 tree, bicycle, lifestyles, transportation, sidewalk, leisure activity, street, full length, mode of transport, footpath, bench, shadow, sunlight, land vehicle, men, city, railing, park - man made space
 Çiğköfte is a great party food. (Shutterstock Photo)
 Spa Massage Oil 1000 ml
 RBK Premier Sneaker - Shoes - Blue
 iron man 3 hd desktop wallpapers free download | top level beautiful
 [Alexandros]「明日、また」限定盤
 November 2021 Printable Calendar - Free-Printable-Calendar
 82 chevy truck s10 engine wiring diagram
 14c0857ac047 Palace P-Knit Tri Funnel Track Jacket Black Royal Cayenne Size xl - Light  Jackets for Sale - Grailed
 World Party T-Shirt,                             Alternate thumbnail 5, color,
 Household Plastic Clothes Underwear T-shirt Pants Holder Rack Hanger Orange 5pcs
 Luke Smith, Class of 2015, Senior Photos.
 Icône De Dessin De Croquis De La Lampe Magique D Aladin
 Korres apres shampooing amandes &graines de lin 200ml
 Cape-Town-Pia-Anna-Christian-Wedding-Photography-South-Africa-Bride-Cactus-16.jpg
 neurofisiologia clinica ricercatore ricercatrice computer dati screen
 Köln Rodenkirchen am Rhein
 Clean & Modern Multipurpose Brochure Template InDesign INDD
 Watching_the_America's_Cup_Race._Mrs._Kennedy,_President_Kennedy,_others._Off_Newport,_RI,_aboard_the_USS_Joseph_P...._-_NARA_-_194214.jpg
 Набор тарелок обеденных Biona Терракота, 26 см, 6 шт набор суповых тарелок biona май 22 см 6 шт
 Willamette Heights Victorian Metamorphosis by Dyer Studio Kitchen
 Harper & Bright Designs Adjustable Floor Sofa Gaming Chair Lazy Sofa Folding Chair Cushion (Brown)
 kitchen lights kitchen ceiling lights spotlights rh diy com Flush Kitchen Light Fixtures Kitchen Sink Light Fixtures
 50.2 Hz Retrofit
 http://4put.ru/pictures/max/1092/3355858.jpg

---

= Task objective =
Word for word, restate the listing above from its first line to the line with "[Alexandros]「明日、また」限定盤", keeping both.

= Result for this exercise =
 tree, bicycle, lifestyles, transportation, sidewalk, leisure activity, street, full length, mode of transport, footpath, bench, shadow, sunlight, land vehicle, men, city, railing, park - man made space
 Çiğköfte is a great party food. (Shutterstock Photo)
 Spa Massage Oil 1000 ml
 RBK Premier Sneaker - Shoes - Blue
 iron man 3 hd desktop wallpapers free download | top level beautiful
 [Alexandros]「明日、また」限定盤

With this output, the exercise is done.